As you may know, iron condors are made up of two parts -- a short put credit spread and a short call credit spread. The short put credit spread generally has a positive delta value associated with it; the short call spread, a negative. As price moves toward a short put spread, its positive delta increases; as it moves toward a short call credit spread, its negative delta increases.
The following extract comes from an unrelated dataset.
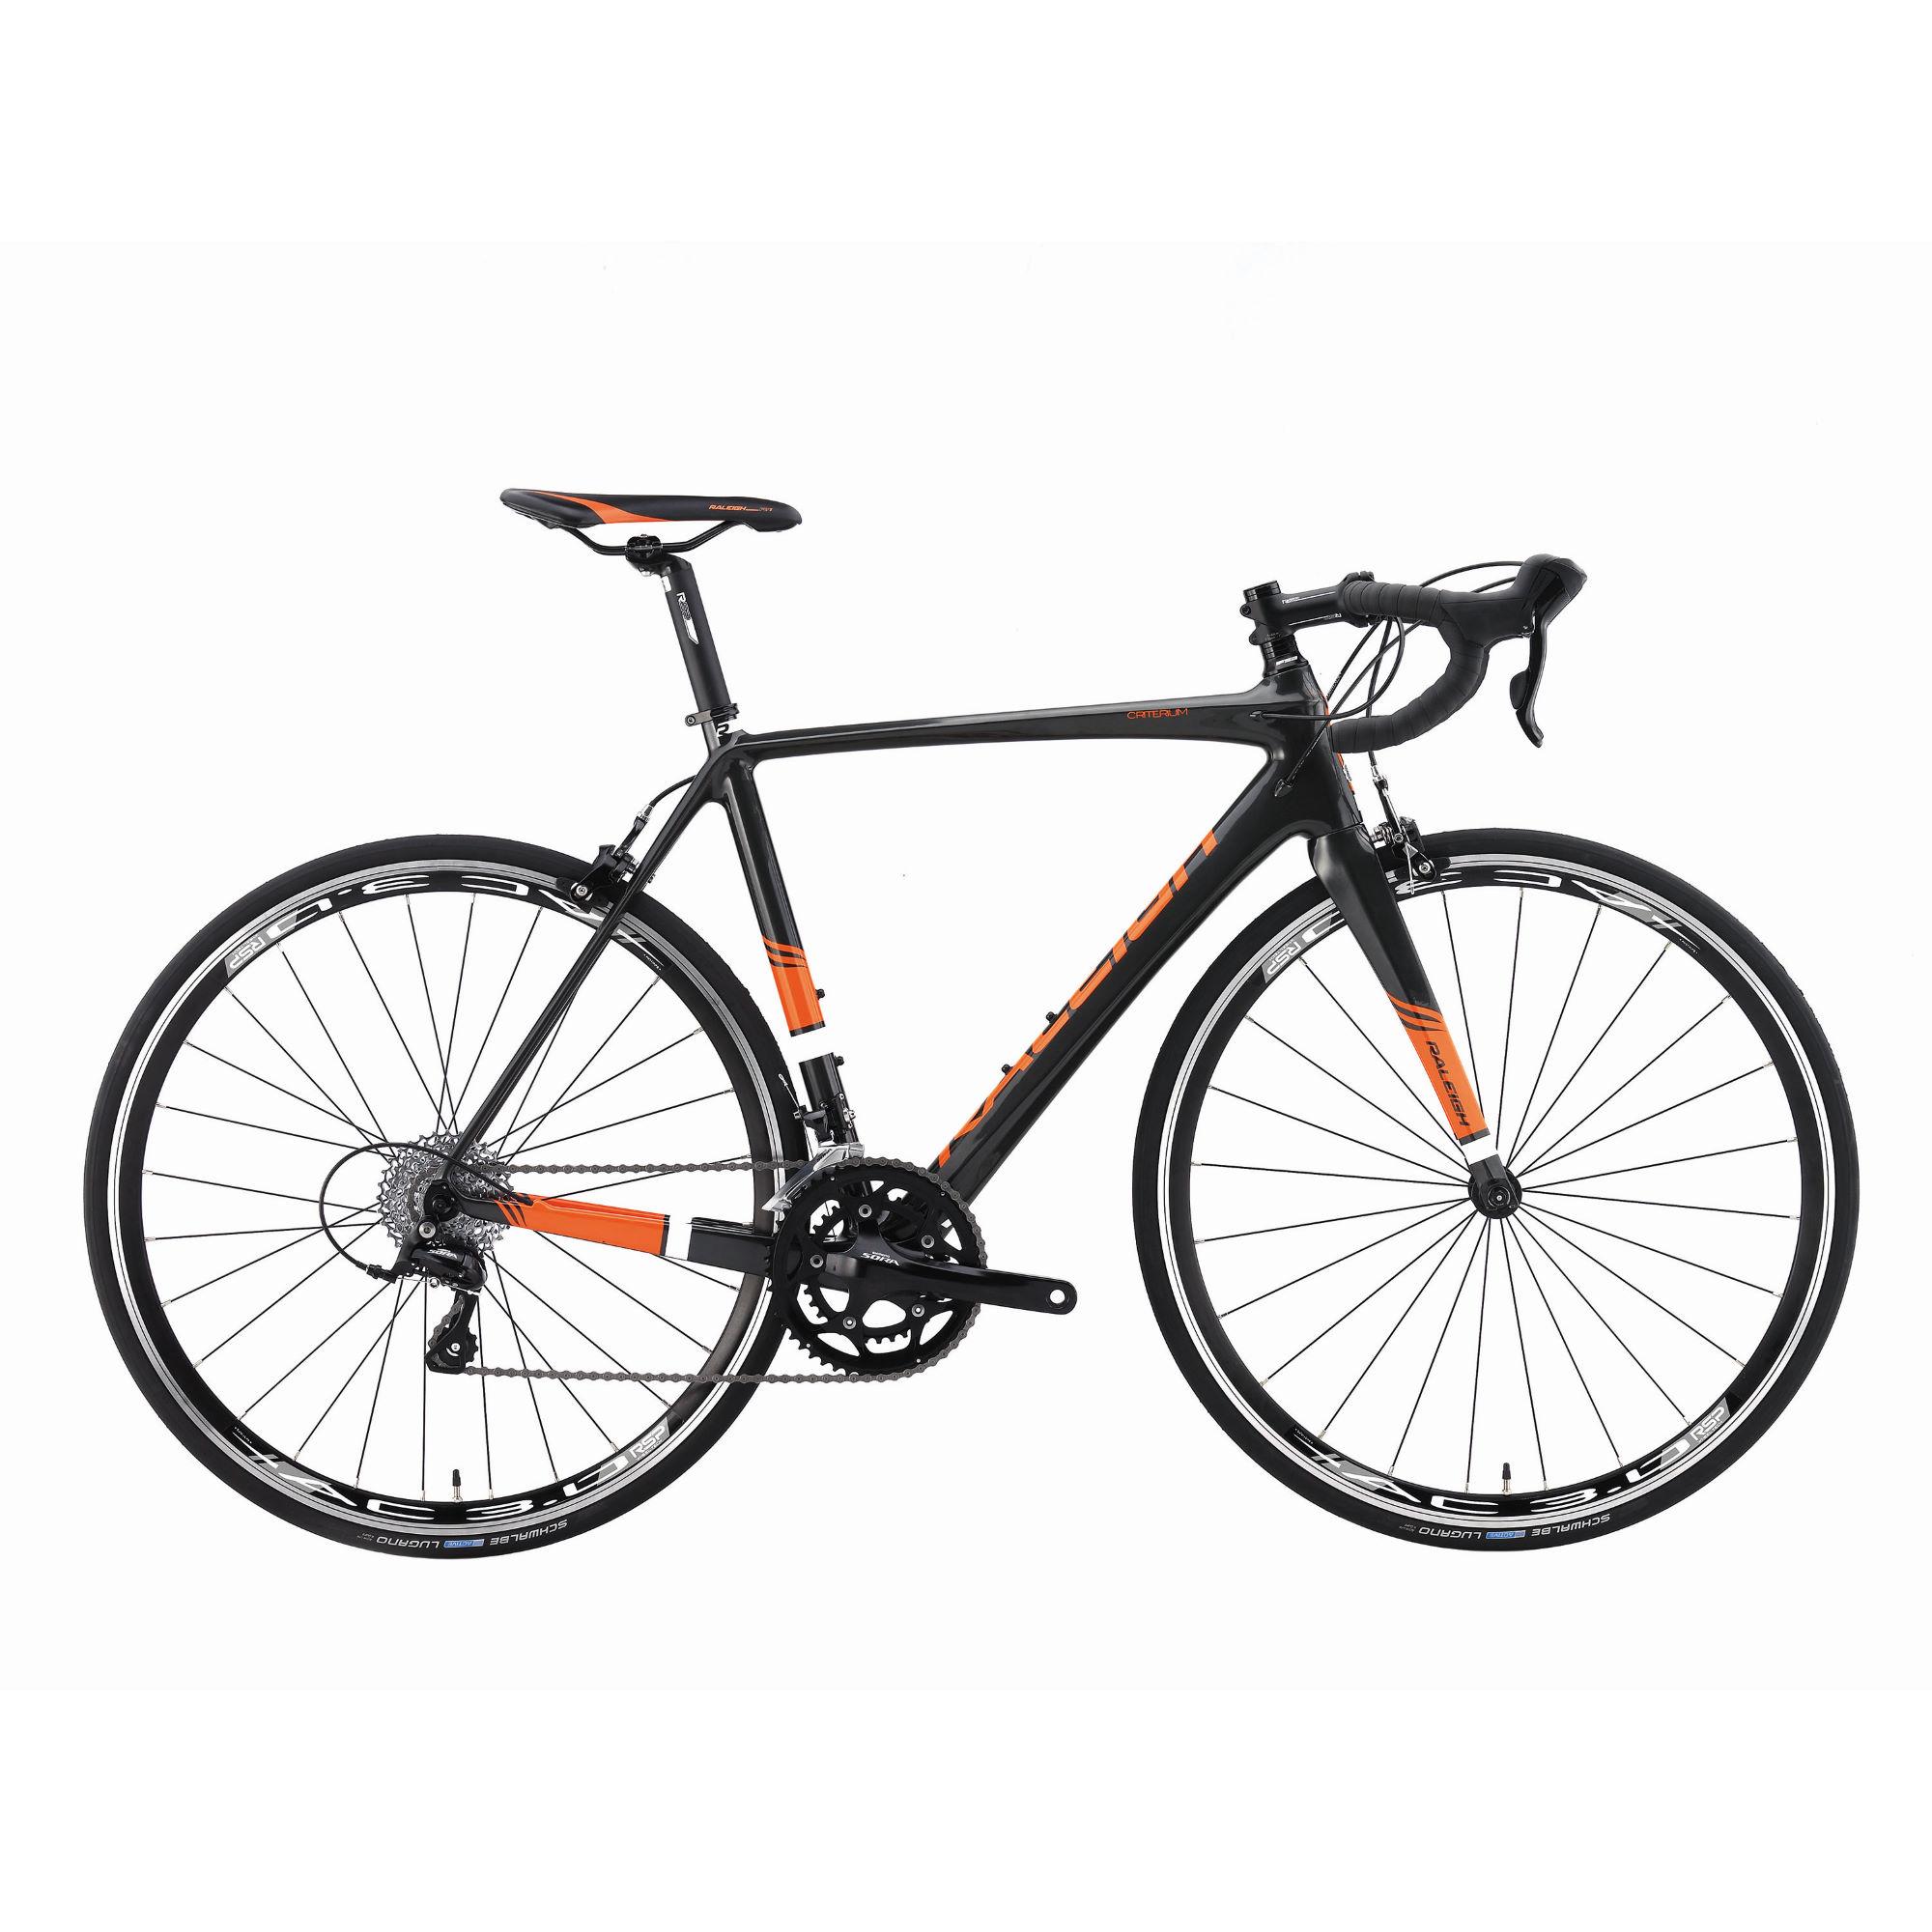 raleigh-criterium-elite-2016-road-bike-road-bikes-black-clearance-rcre49bk
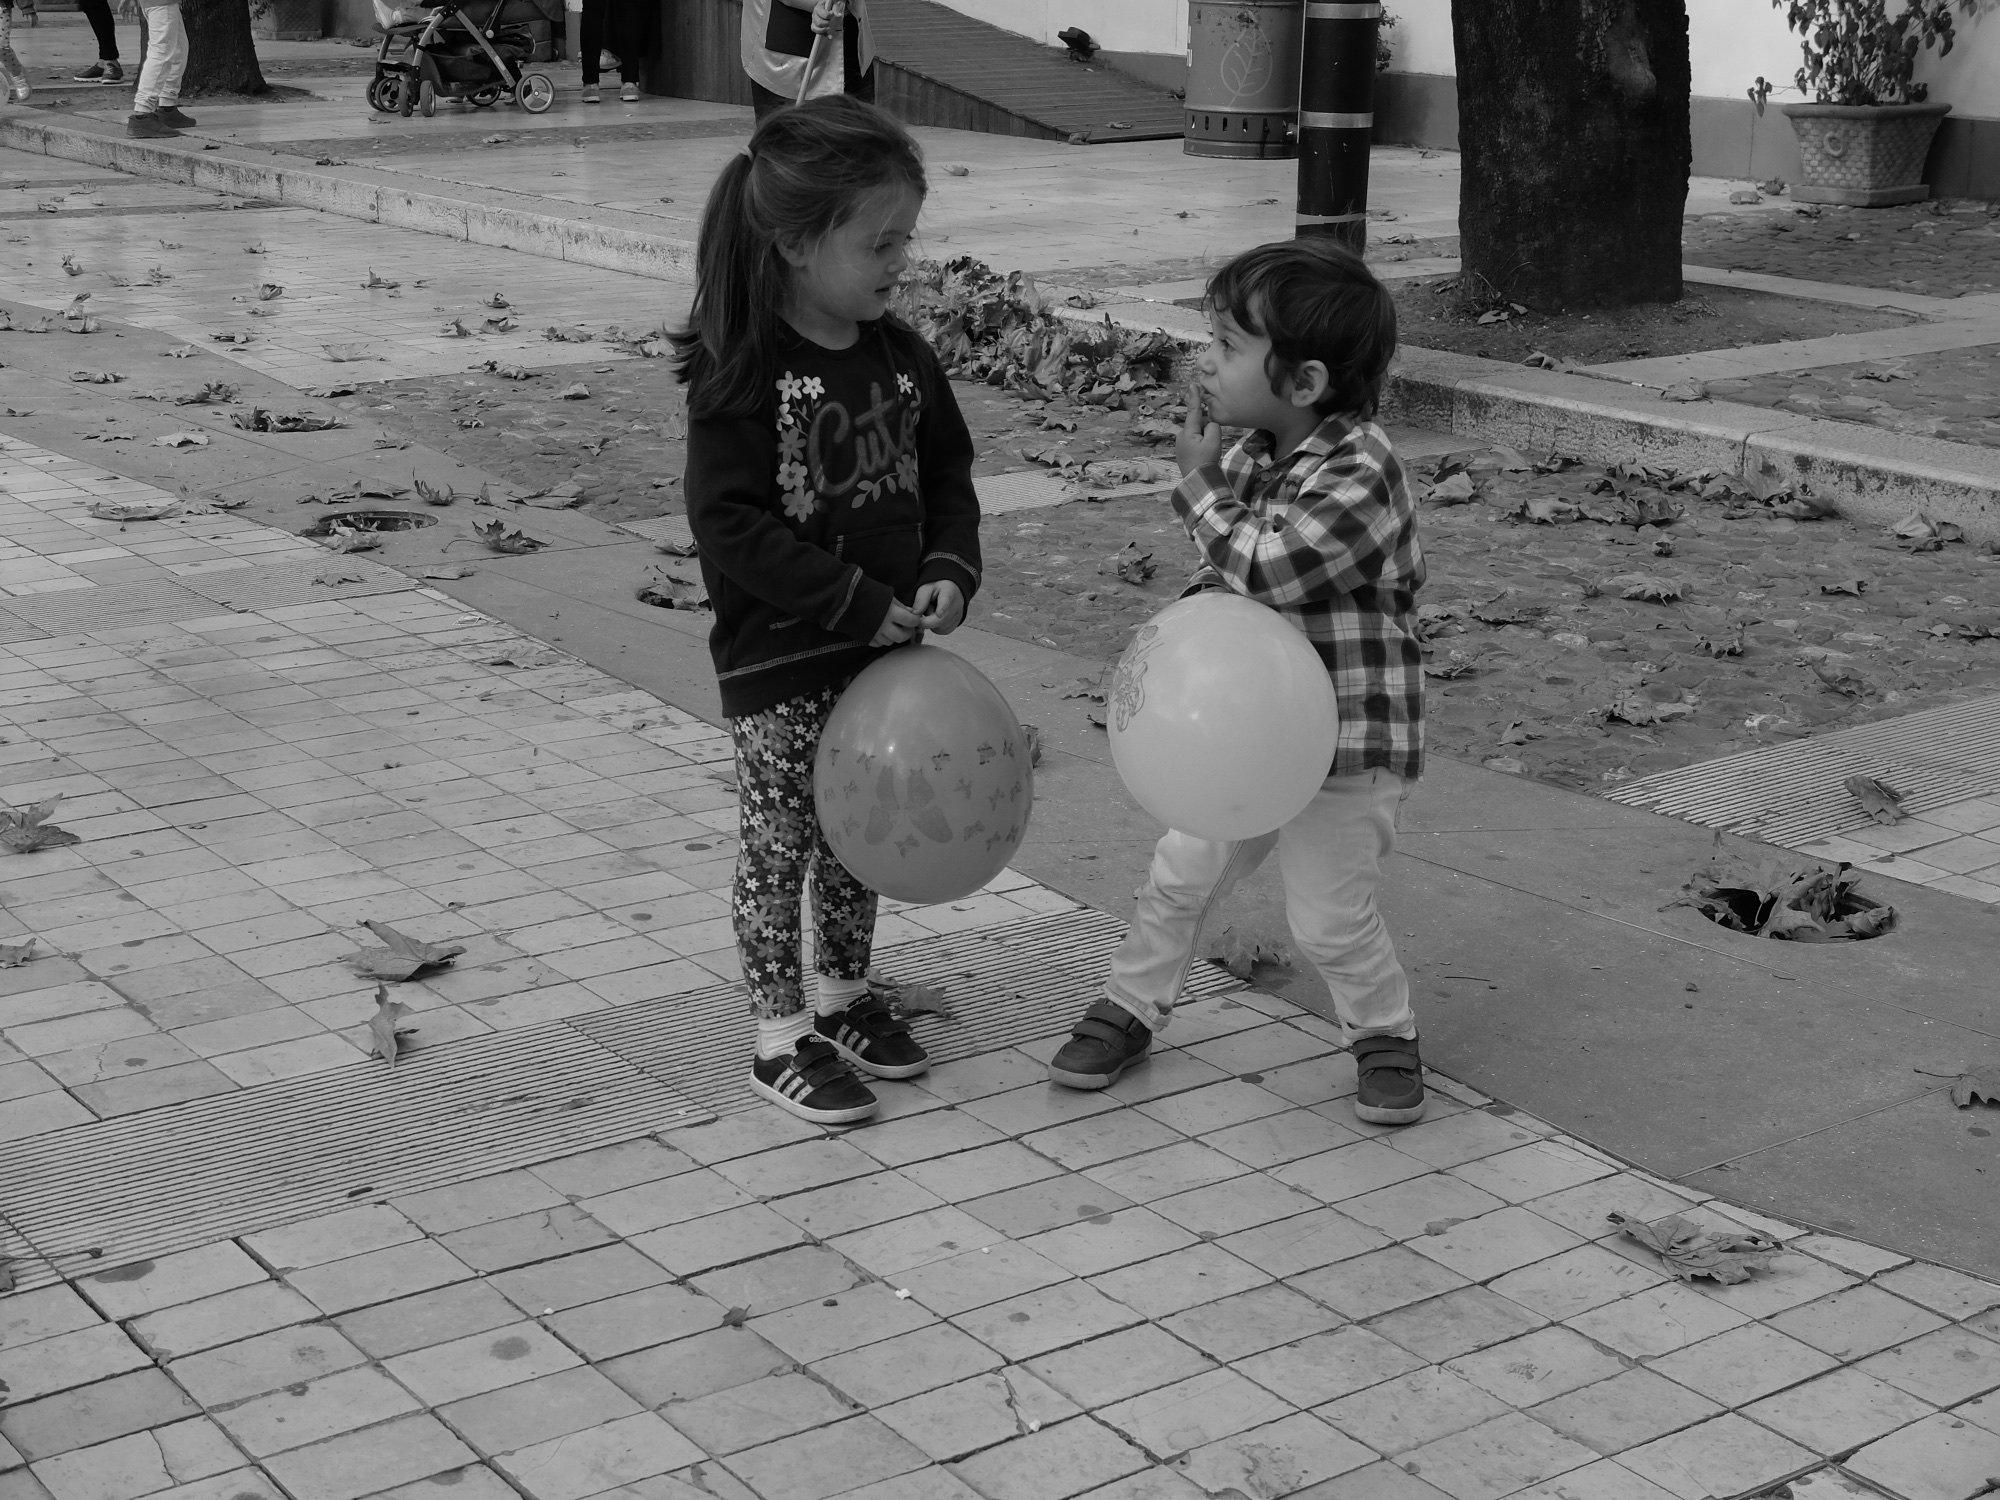 Mirush Bega, Tirana, 27 octobre 2019 (2)

If you have multiple setups on in a single instrument, your platform should show you what the net delta for all of those setups is. With credit spreads, a positive number indicates a skew toward the short put side; a negative number, toward the short call side. But what do you do with this number? If it's negative, for example, do you put more long delta on (i.e., sell short put credit spreads); take off short delta (i.e., buy back short call spreads), or roll long delta short put spreads toward current price?
You can naturally look to put on short put credit spread(s), as long as that makes some objective sense and/or roll up short put sides toward current price in order to balance, but my preference for multiple setup arrangements -- particularly with setups layered on in a single expiry -- is to take off spreads to balance delta, particularly where my plate is full over expiries and within expiries such that adding additional risk (and clutter) is ill-advised. Ideally, in an "onioned", layered on arrangement with spreads at different strikes, you can pick and choose the spreads that it makes the most sense to do this with (the spreads that are at or greater than 50% max profit).
You can always put these spreads back in after you profitably "thin the herd" and when price moves in the direction that makes doing that favorable (sell on strength/buy on weakness).
SVXY -- SHORT VOLATILITY PLAYIf you know anything about volatility products, you'll know that -- unlike VXX and UVXY, SVXY increases in value as volatility declines (it's an inverse) and suffers from "inverse contango" which ultimately means that, over time, SVXY's value will go to infinity in the absence of backwardation, splits (it's undergone two since inception -- a 2/1 in 2012 and a 2/1 in 2014), or a massive increase in volatility, which could arguably reduce its value to zero in fairly short order.
For purposes of this play, however, you need not fret about the long term effects of "inverse contango" and "backwardation" -- all you need to really know is that as volatility declines, SVXY rises.
At this point in time, we're at a fairly significant low in SVXY, and I'm betting on volatility contracting somewhat over the next 40 days or so such that SVXY finishes clear of my 35 short put strike at expiration or at a price that allows me to take the trade off for 50% max profit prior at some point between now and then:
Feb 26th 30/35 short put vertical
Probability of Profit %: 55%
Max Profit: $201/contract
Buying Power Effect: $299/contract
Break Even: $32.99
Naturally, if volatility does not contract such that price moves above my short strike, I'll roll the setup for duration and credit.